RECORDED INFORMATION:
┌──
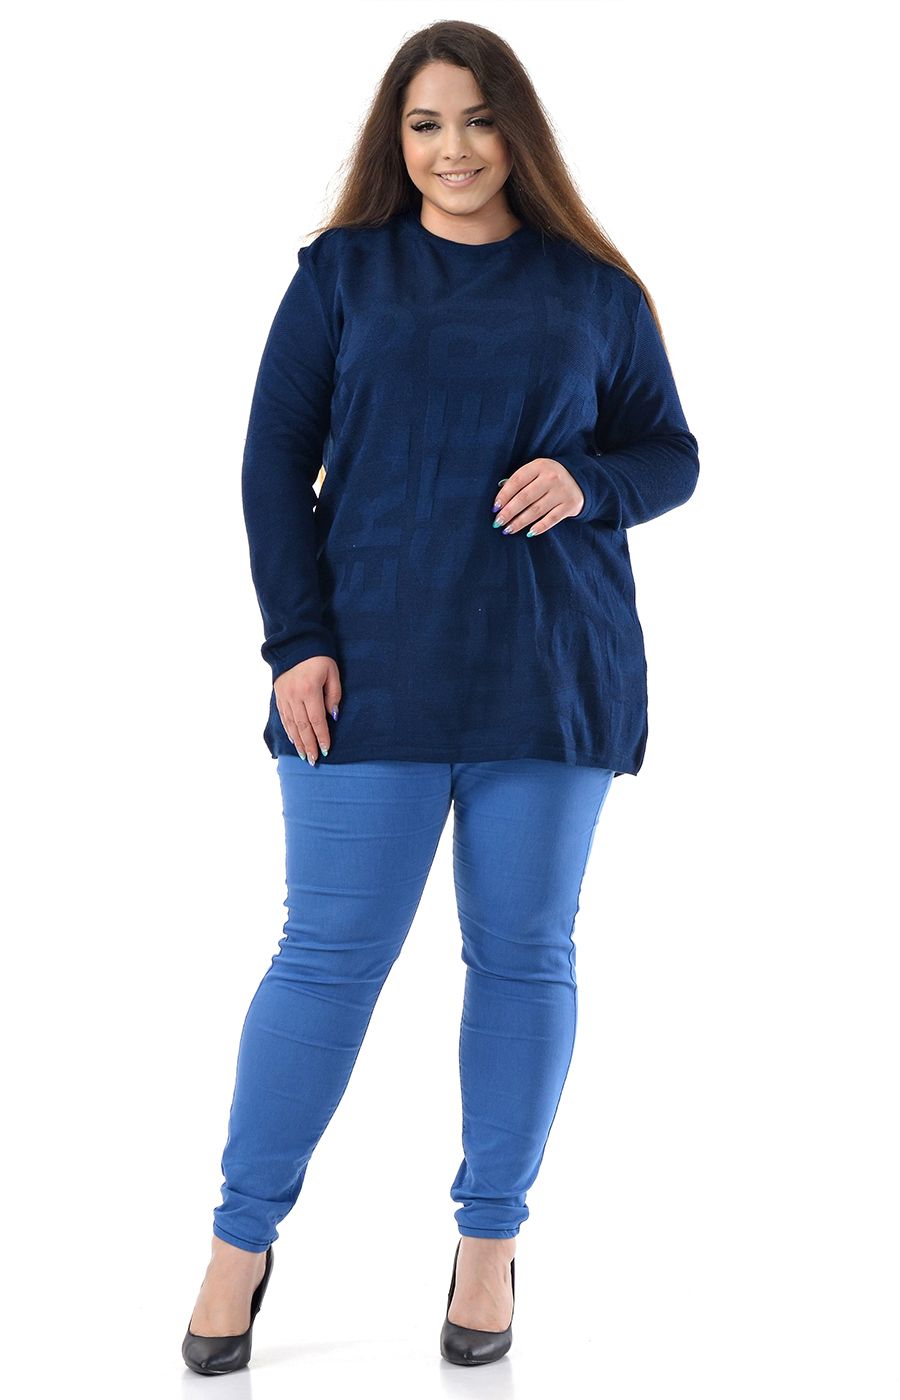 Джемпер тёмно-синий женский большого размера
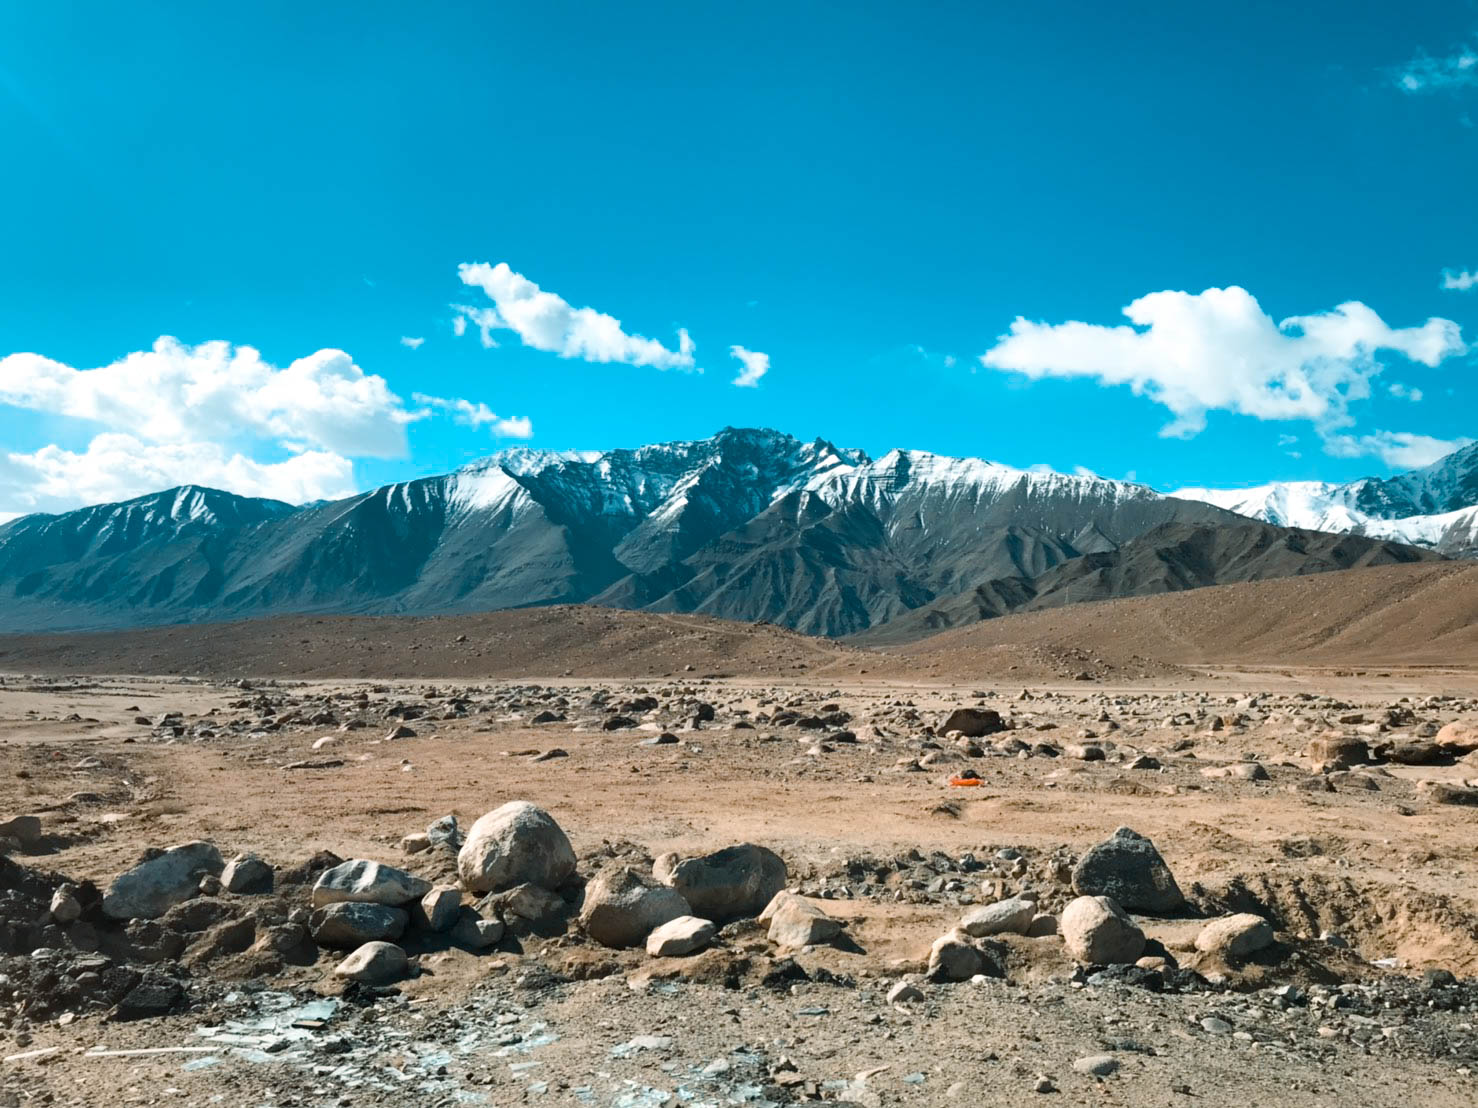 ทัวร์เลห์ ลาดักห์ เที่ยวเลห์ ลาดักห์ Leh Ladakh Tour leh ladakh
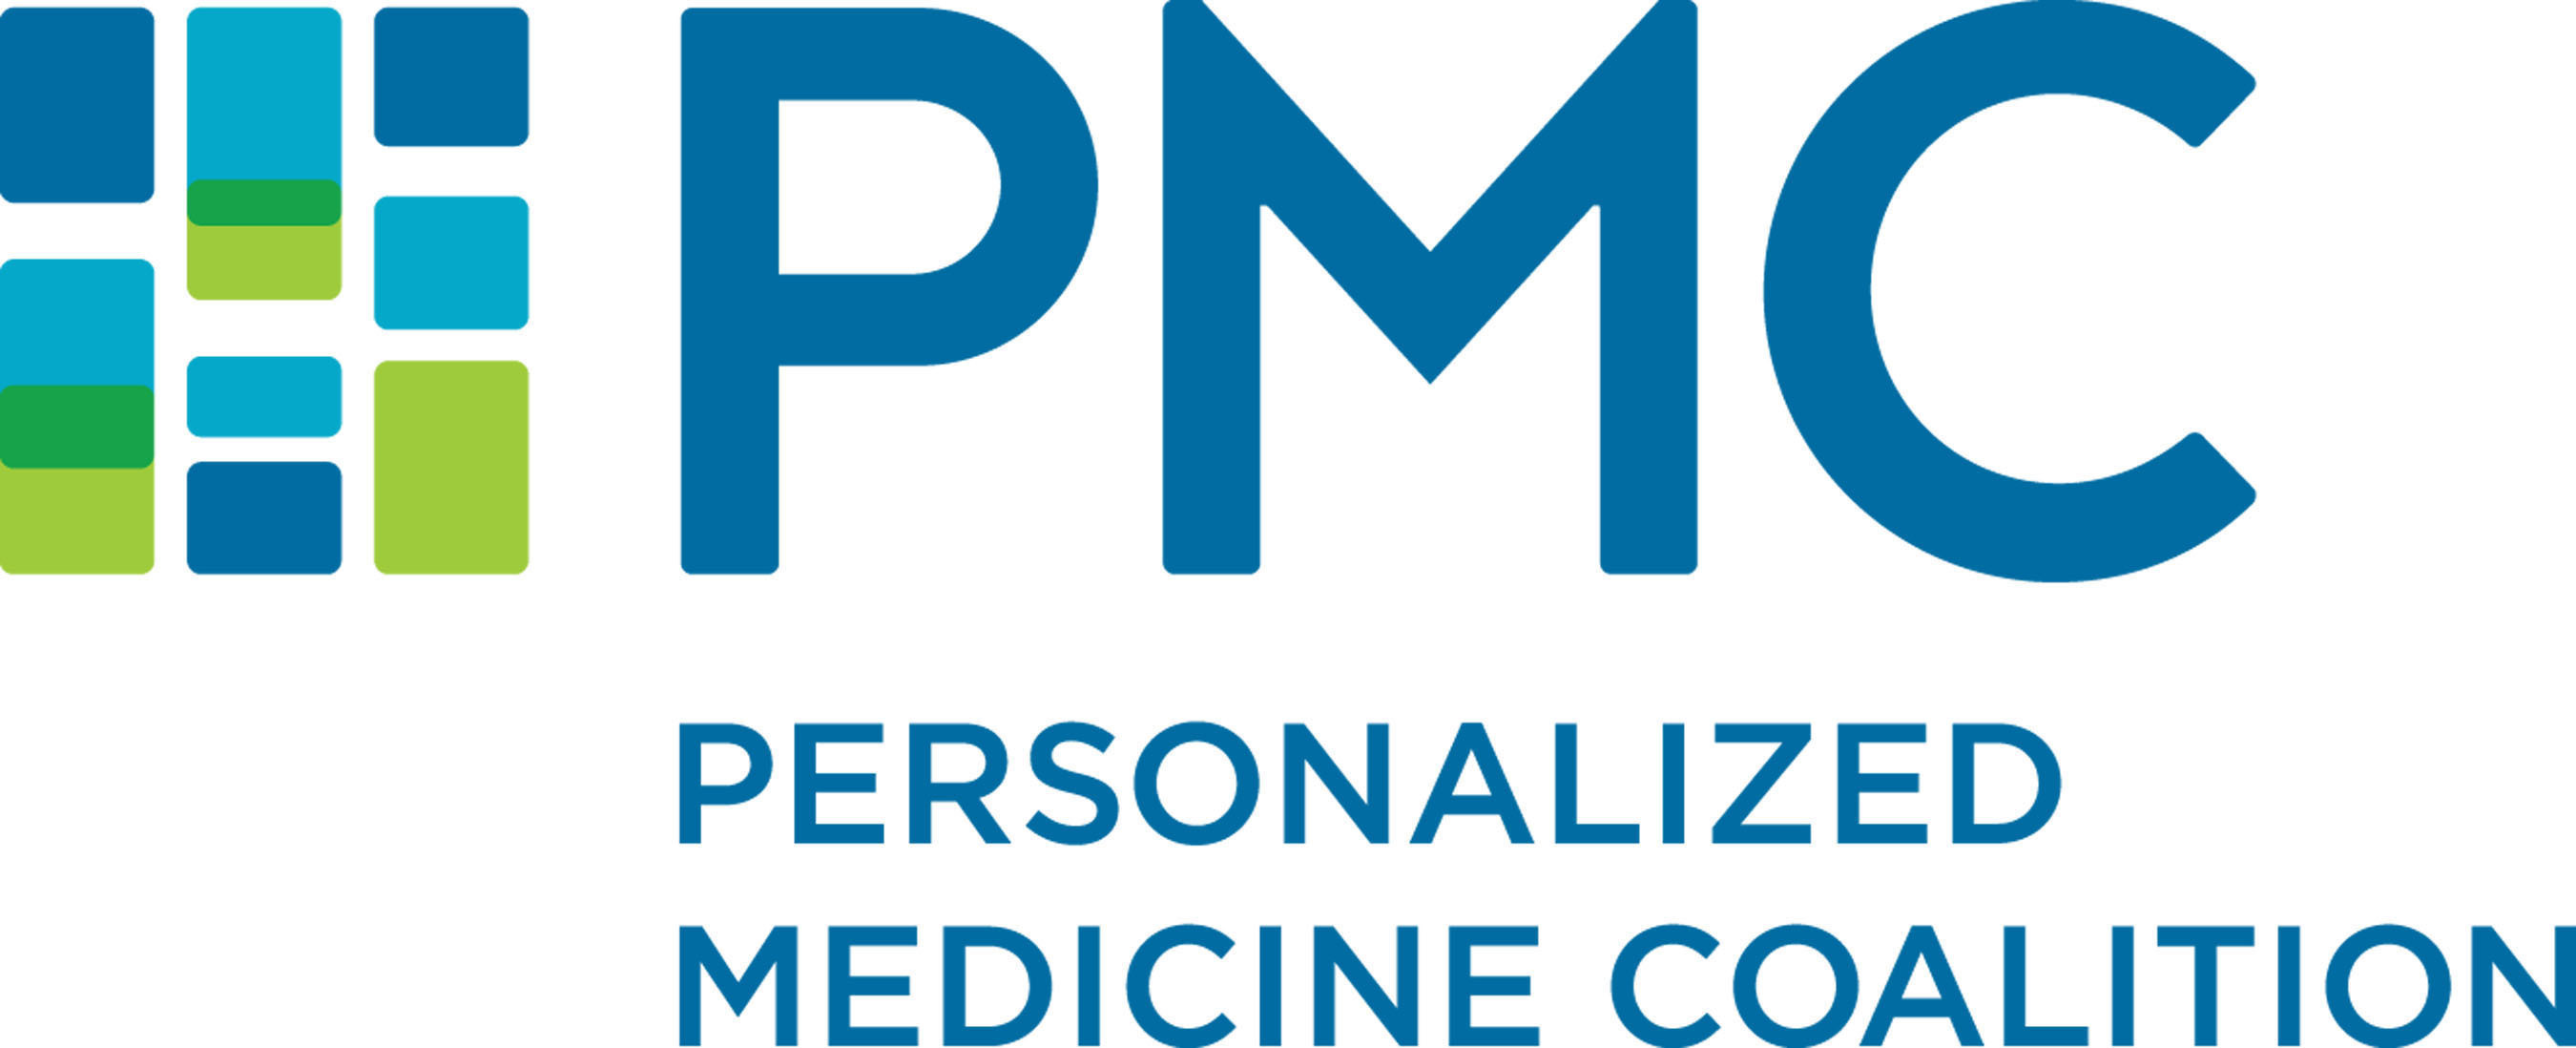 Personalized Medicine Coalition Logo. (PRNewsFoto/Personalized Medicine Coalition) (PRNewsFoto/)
└──
TASK INSTRUCTIONS: When you repeat the listing, keep it exact and leave the pictures behind.

YOUR RESPONSE:
 Джемпер тёмно-синий женский большого размера
 ทัวร์เลห์ ลาดักห์ เที่ยวเลห์ ลาดักห์ Leh Ladakh Tour leh ladakh
 Personalized Medicine Coalition Logo. (PRNewsFoto/Personalized Medicine Coalition) (PRNewsFoto/)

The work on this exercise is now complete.